Indicated Resource: can be estimated with a reasonable level of confidence, with the sample locations spaced too widely apart to confirm geological and/or grade continuity but are spaced closely enough for continuity to be assumed.
Inferred Resource: can be estimated with a low level of confidence, being inferred from geological evidence and assumed but nor verified geological and grade continuity.
The aim of any exploration and drilling programme is to move the maximum number of tonnes sitting in the Inferred and Indicated Resources categories up to the Measured Resource category and eventually into a Mining Reserve, by continually updating the geological model and other aspects, through additional drilling and other geological exploration work.
Sendawar - CBM
The Sendawar CBM project in Kalimantan, Indonesia, covers more than 800 square kilometres of prospective ground and lies in close proximity to two operating open-cut coal mines. The project is located approximately 50 km from the Mahakam River.
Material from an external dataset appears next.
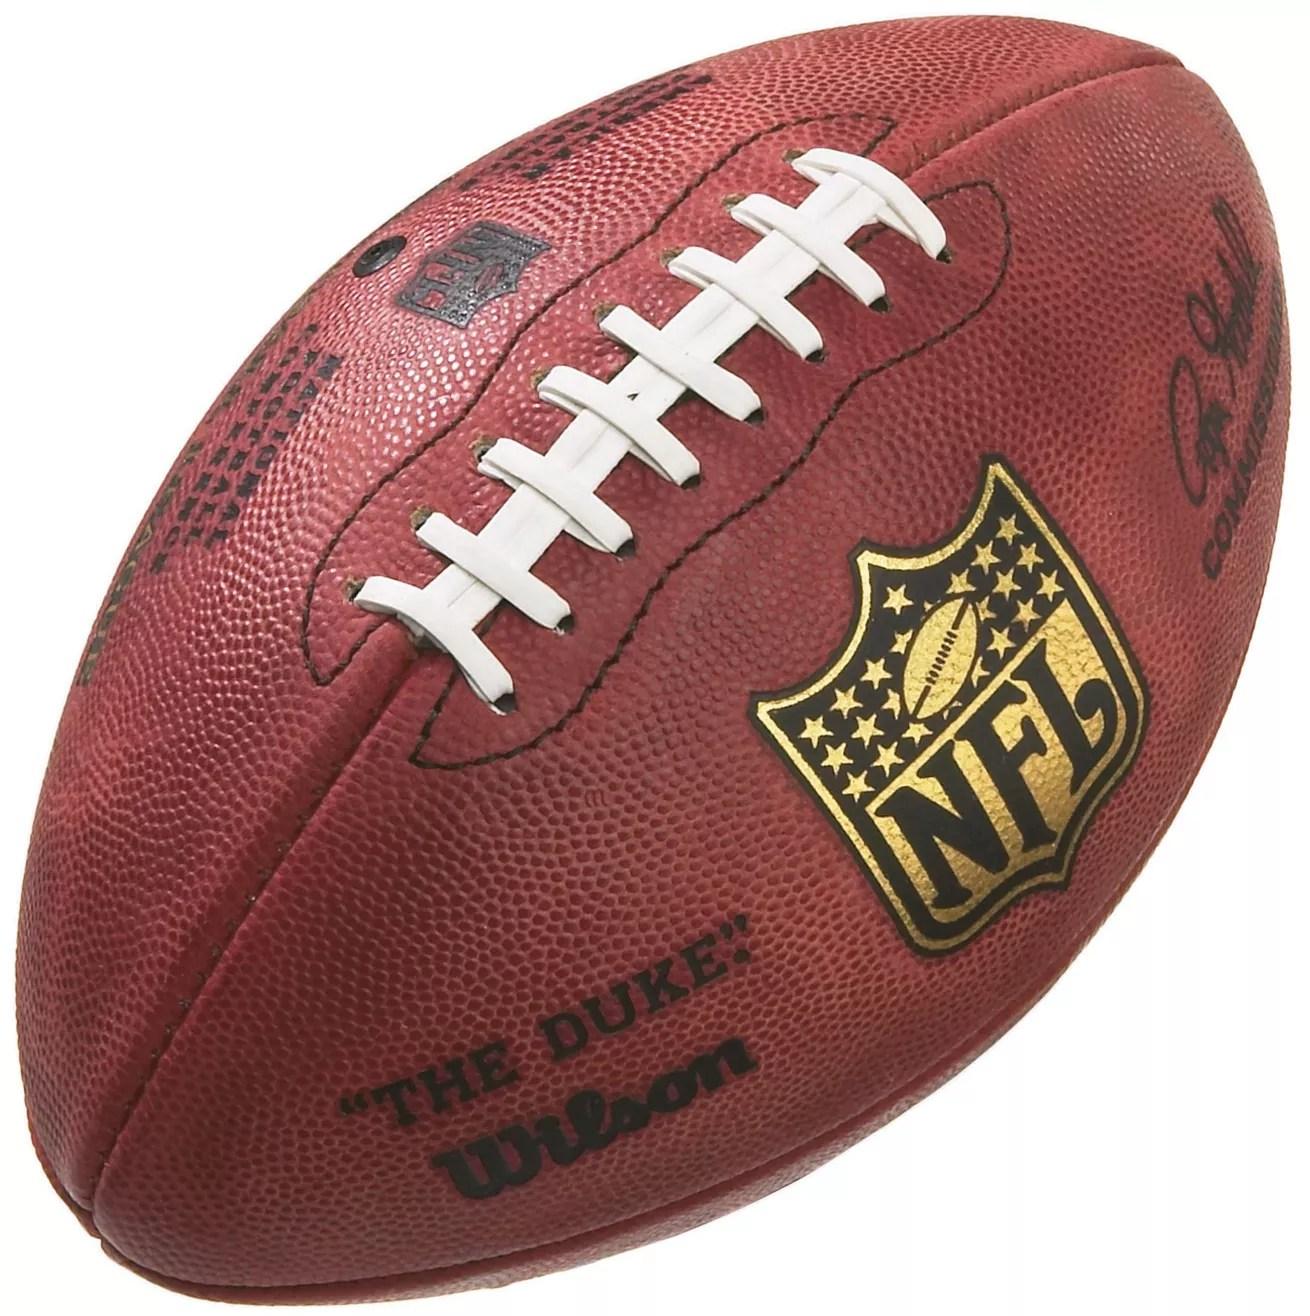 Nfl Wilson Game Football

During Churchill's coal exploration programme, data collected during geophysical and resistivity work, along with data collected from previous oil and gas exploration in the area, indicated that the area was highly prospective for Coal Bed Methane. Churchill (70% of the CBM project) along with its Indonesian partner RMU (30%) were granted Indonesia's first CBM JEA license in September 2007. The CBM project has the potential to host Gas-in-Place of 5.6 trillion cubic feet. Churchill is currently conducting further studies on the CBM project before starting detailed field work.
South Woodie Woodie
Given the increased prospectivity of South Woodie Woodie and Churchill's increasing focus on its Indonesian coal and coal bed methane projects, the Company sold 80% of the project to Australian company Spitfire Resources Limited ("Spitfire").
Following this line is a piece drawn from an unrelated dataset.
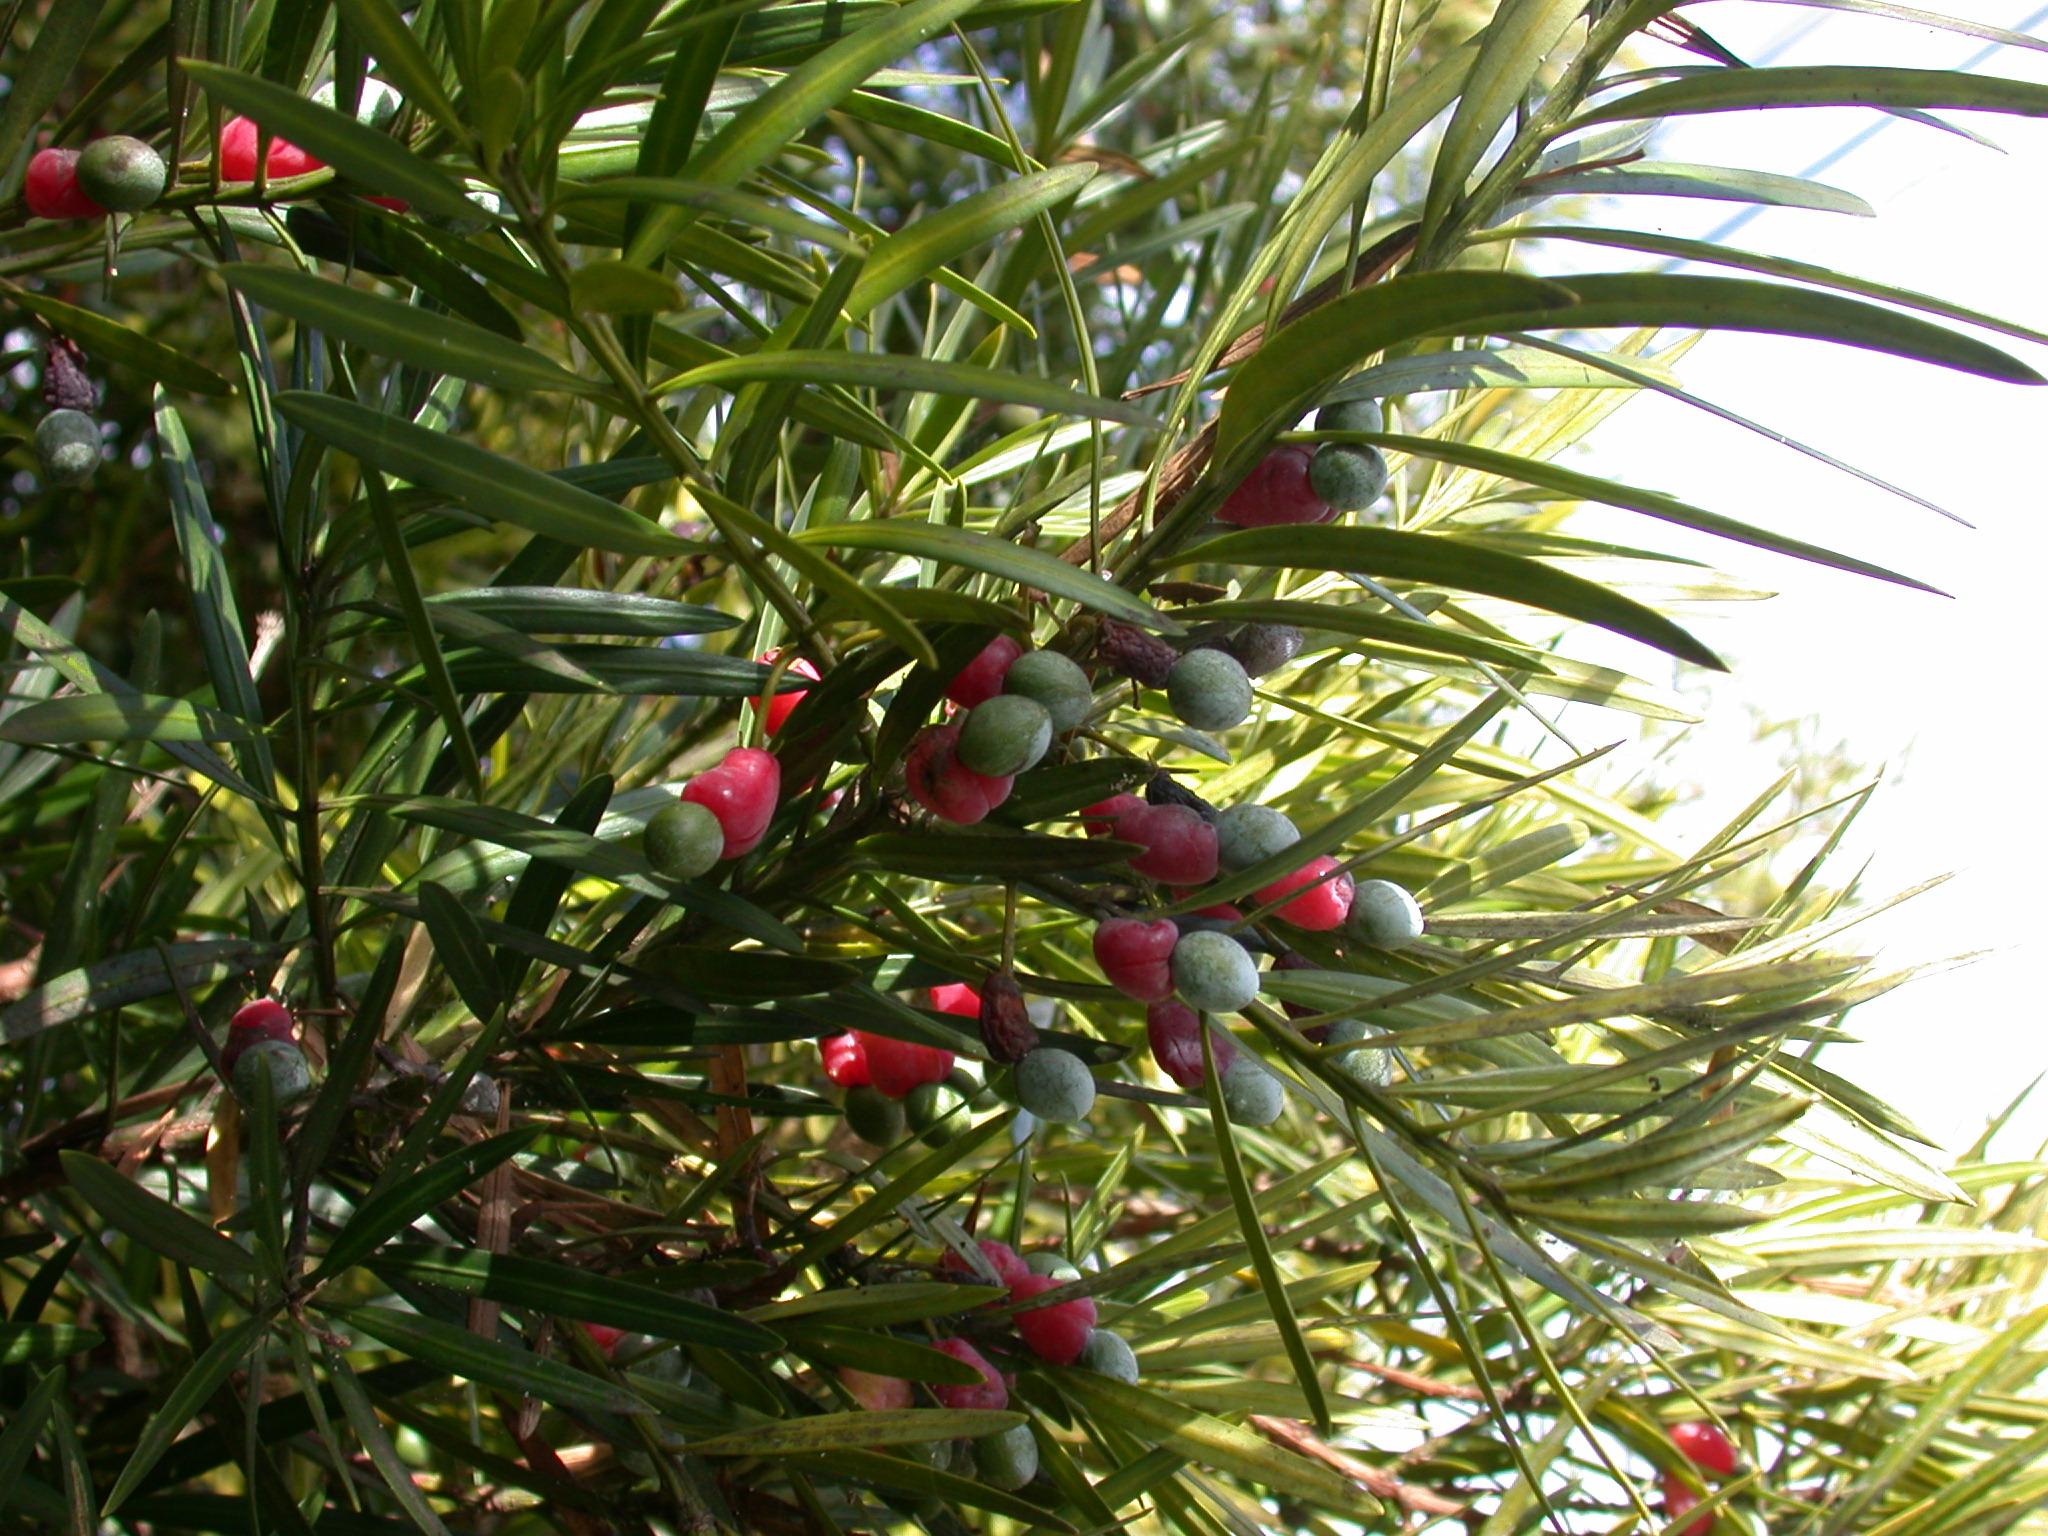 File:Podocarpus macrophyllus inumaki.JPG - Wikipedia

Spitfire, which listed on the ASX on the 12th December 2007, has the option to purchase the remaining equity in the project but must spend AUD$1.5 million on exploration. Aside from its large shareholding in Spitfire, Churchill also retains a price-indexed mining royalty over the South Woodie Woodie project.
The South Woodie Woodie project covers approximately 490 square kilometres (with a further 899 square kilometres under application) in the East Pilbara region of Western Australia, and sits approximately 400 km southeast of Port Hedland in the highly prospective Pilbara manganese province. Spitfire has identified multiple drill targets and shall begin its new drill programme shortly.
In March 08 Spitfire announced that it had secured the strategic support of the diversified Norwegian-based industrial, trading and metals & alloys group, Tinfos AS ("Tinfos"), as its new major shareholder via a share placement.